The Sanken S-100W is lacking the current limiting circuitry that is built into the stock TA-100W. Strictly speaking, it is NOT necessary for operation...the circuit just pulls back on the drive to the output devices when it detects the current is too high. Without it, a shorted speaker or wire will kill the module very very quickly (and it obviously had limited effectiveness, judging from the number of dead modules I read about on the web from shorted speaker cables). Anyway, a few members have noted (correctly) that many high-end amps have no such circuitry.
At any rate, you may want to take a look at
this thread. I detail the pinout of each
here.
I have not done the swap, but I can describe how it should go...
Pin1 and Pin2 on the S-100W are fine on the PC board. Pin3 on the PC board gets cut, and routed to Pin4 on the Sanken chip. Pin4 on the PC board is left disconnected. Pin5 is the output and is OK. Pin6 on the PC board is cut and routed to Pin7 on the Sanken chip. Pin7 on the PC board is cut and routed to Pin9 on the Sanken chip. Pin8 and Pin9 on the PC board are left disconnected.

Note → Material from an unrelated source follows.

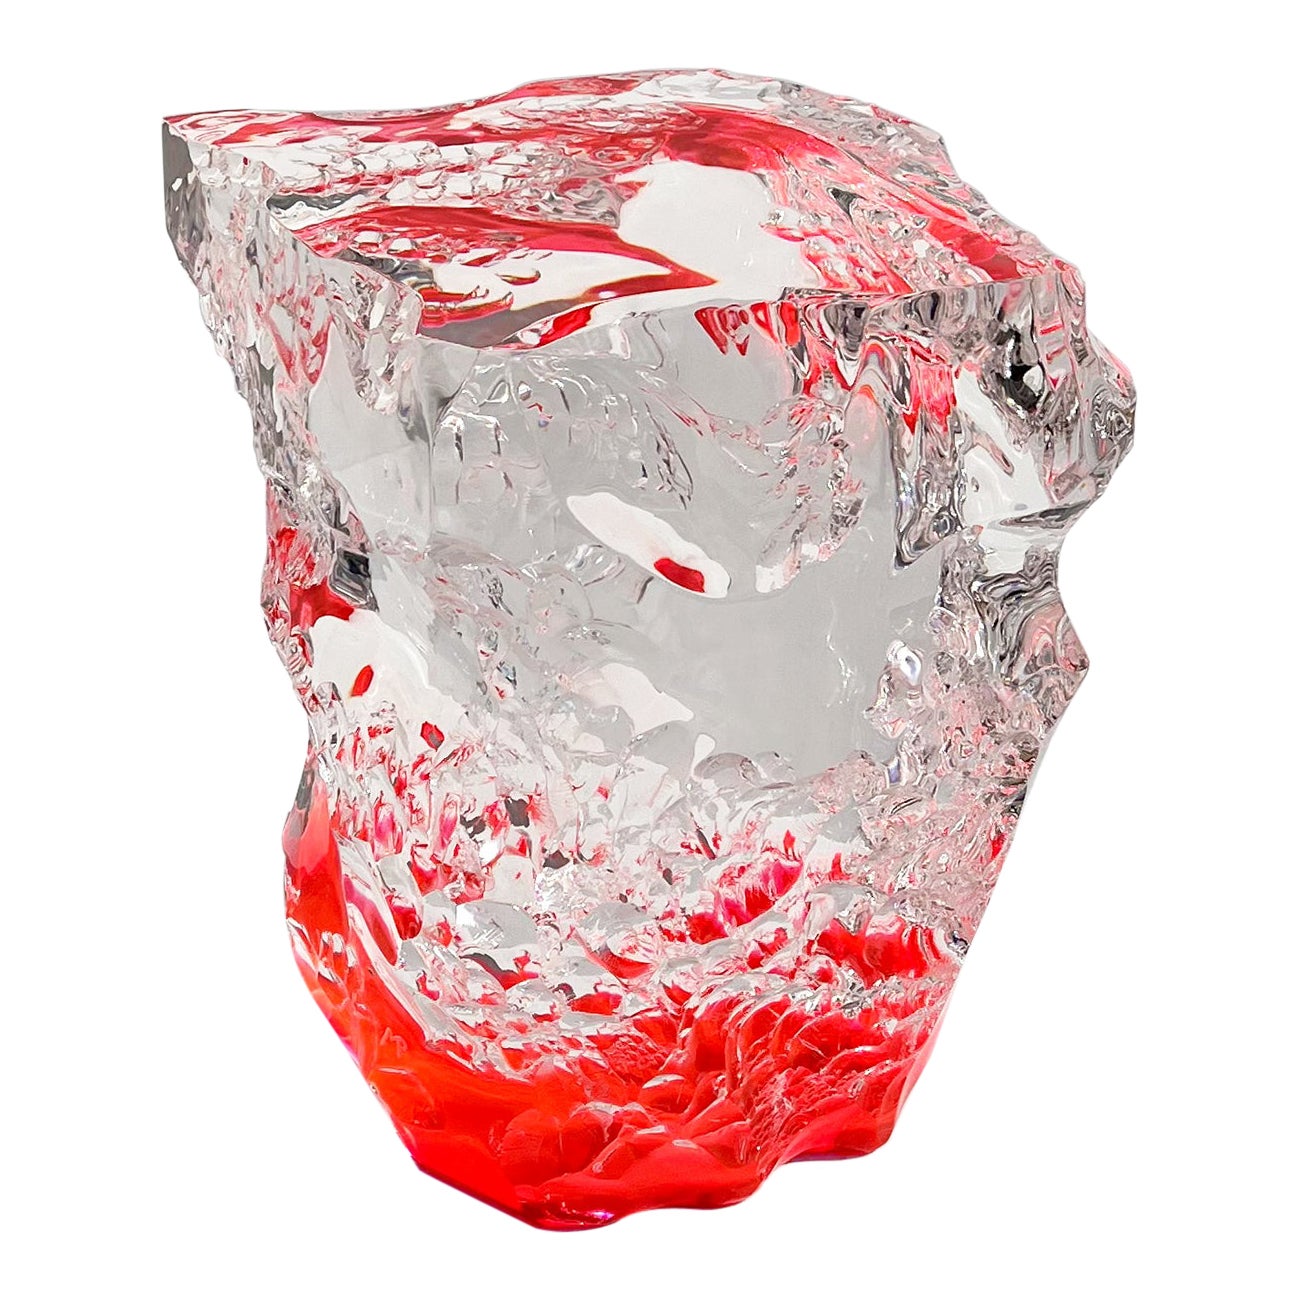 Table basse sculpturale en plexiglas rose « Prime Materia » du 21e siècle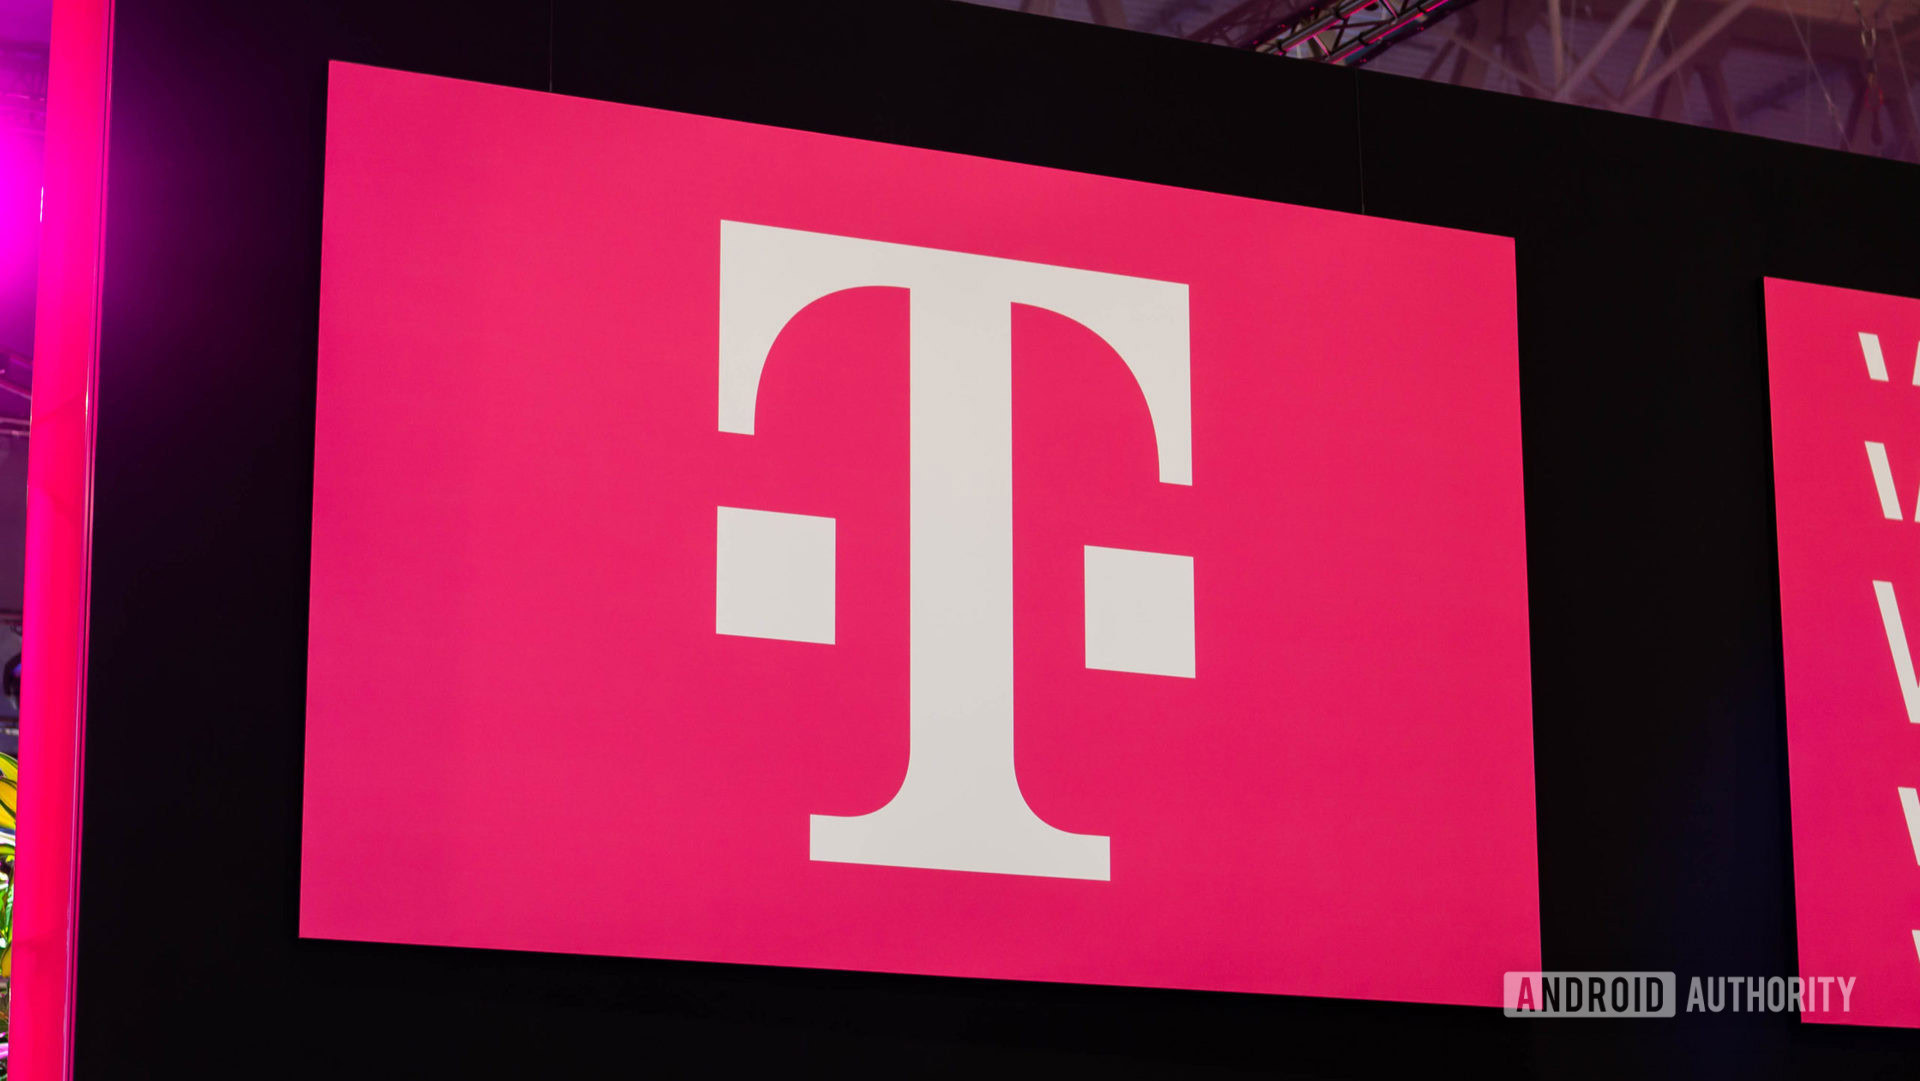 Logotipo de T Mobile en señal

It appears that this would work. No promises. The hard part is finding a Sanken S-100W chip.
Another member claimed to use the Sanken SAP16 and SAP16N to replace the module. These parts were 5-lead Darlington devices with internal temp compensation and built-in thin-film emitter resistors. This would also have worked well, and is the way I would have gone, except that these parts are discontinued. Sanken has replaced these with the STD01N & STD01P (150V 10A), and the STD03N & STD03P (160V 15A). There is very little difference between these new devices and the old, EXCEPT the new devices do not have the internal thin-film emitter resistor, so the emitter resistors would have to be mounted somewhere else, which complicates the install a bit. Besides that, the bias pins of these devices simply have to be joined with a 200 ohm trimpot for bias adjustment. If I were to tackle a dead 9100, I'd try to find the STD03 devices and make it work. They are apparently current production Sanken devices, but finding a reseller in the US is not easy.
Profusion in the UK can source them, but I don't know what the minimum might be.